Sure, there'd still be people who felt that they were born with the wrong bits, but they could take time to ponder it, play with it, and experiment with being male, female, or androgynous whenever they wanted. They could get surgery if they really needed the physical change, or they could live in flux like that all their lives if they were comfortable with it. Imagine if that stuff was considered to be a normal variation of human behaviour/neurology/etc. instead of something shameful or a freak of nature.
(no subject)
Date: 2006-05-29 04:14 am (UTC)(no subject)

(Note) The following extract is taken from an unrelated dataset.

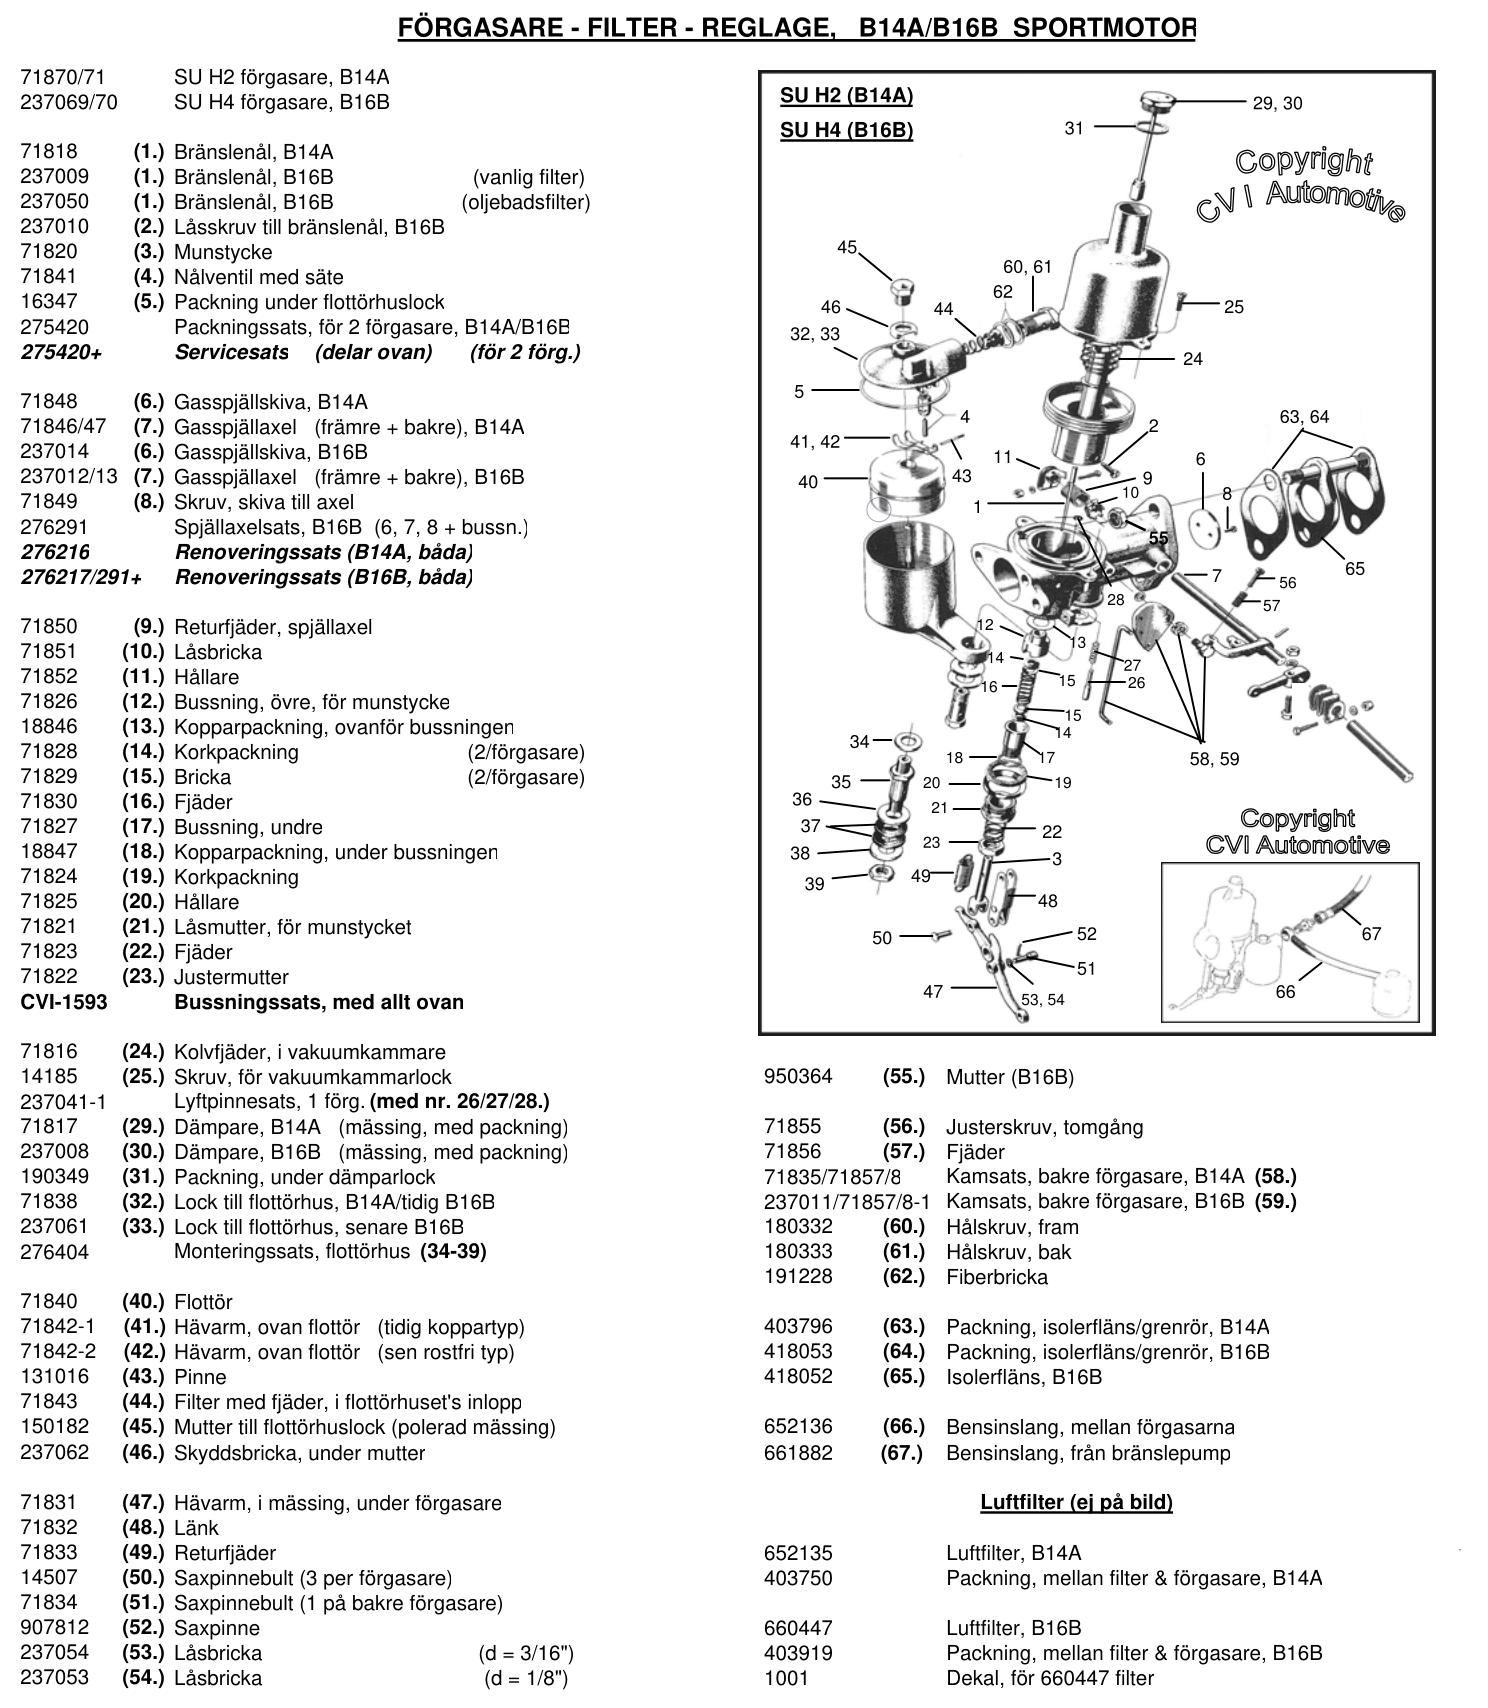 Sprängskiss - SU H2 och SU H4

Date: 2006-05-31 07:32 pm (UTC)If you're deaf, and you're walking down the sidewalk and a bike with a busted chain is speeding towards you from behind, you might get hit because there's no way you can hear the bell or the rider yelling at you. But if a potential employer assumes that you have lower intelligence because you're deaf and refuses to hire you (and many people do believe things like that), that's someone else making things needlessly harder for you because of their own ignorance.
In other words, some aspects of being 'different' are intrinsic disadvantages or sources of discomfort, while others are preventable and serve no useful purpose to anyone.
(no subject)
Date: 2006-05-29 01:23 am (UTC)Yeah, I guess there's some truth to that. I'll need to think about that further.
Can you describe a situation or state in which it isn't a problem, per se, to be perceived to be a gender that doesn't fit you?
I guess I have a few thoughts, here. I hang out with a lot of people who talk (in ways I'm not entirely comfortable with) about trans experience being a gift, in the sense of "hey, I have all these life experiences that most people don't get, and that puts me in an ideal position to talk/teach others about X, Y and Z."
Another thought: some people are driven/obsessed/whatever to become champion athletes. They know they're not naturally champion athletes, but they know that it's something that they can accomplish. It just takes a lot of energy. Could people view transness similarly? (The metaphor is a bit hard to apply, given that nobody is born a champion athlete, but perhaps the point makes some sense).
Another: maybe it is a problem, but it's not only a problem. Maybe it's a problem and something rewarding at the same time. Maybe the "problem" is more akin to an initiation cycle -- something hard that we go through to have our awareness altered.
(no subject)
Date: 2006-05-29 03:43 am (UTC)hm.
some people say things like that about being disabled, as well, that there are all these things in their life that are new and good and mindexpanding and it makes it worth it to have a disability and they wouldn't trade it for anything.
oooh uh er. hm.
much ranting about how much my knees hurt and how cranky it's making me derailed here by a thought-- i think that in this case being trans might be similar to being deaf (Deaf, i mean, rather than deaf).
being deaf can be looked upon as a medical problem to be cured. it can also be looked at, and is, by many people who call themselves culturally deaf, as just a difference, and one that they are happy to have.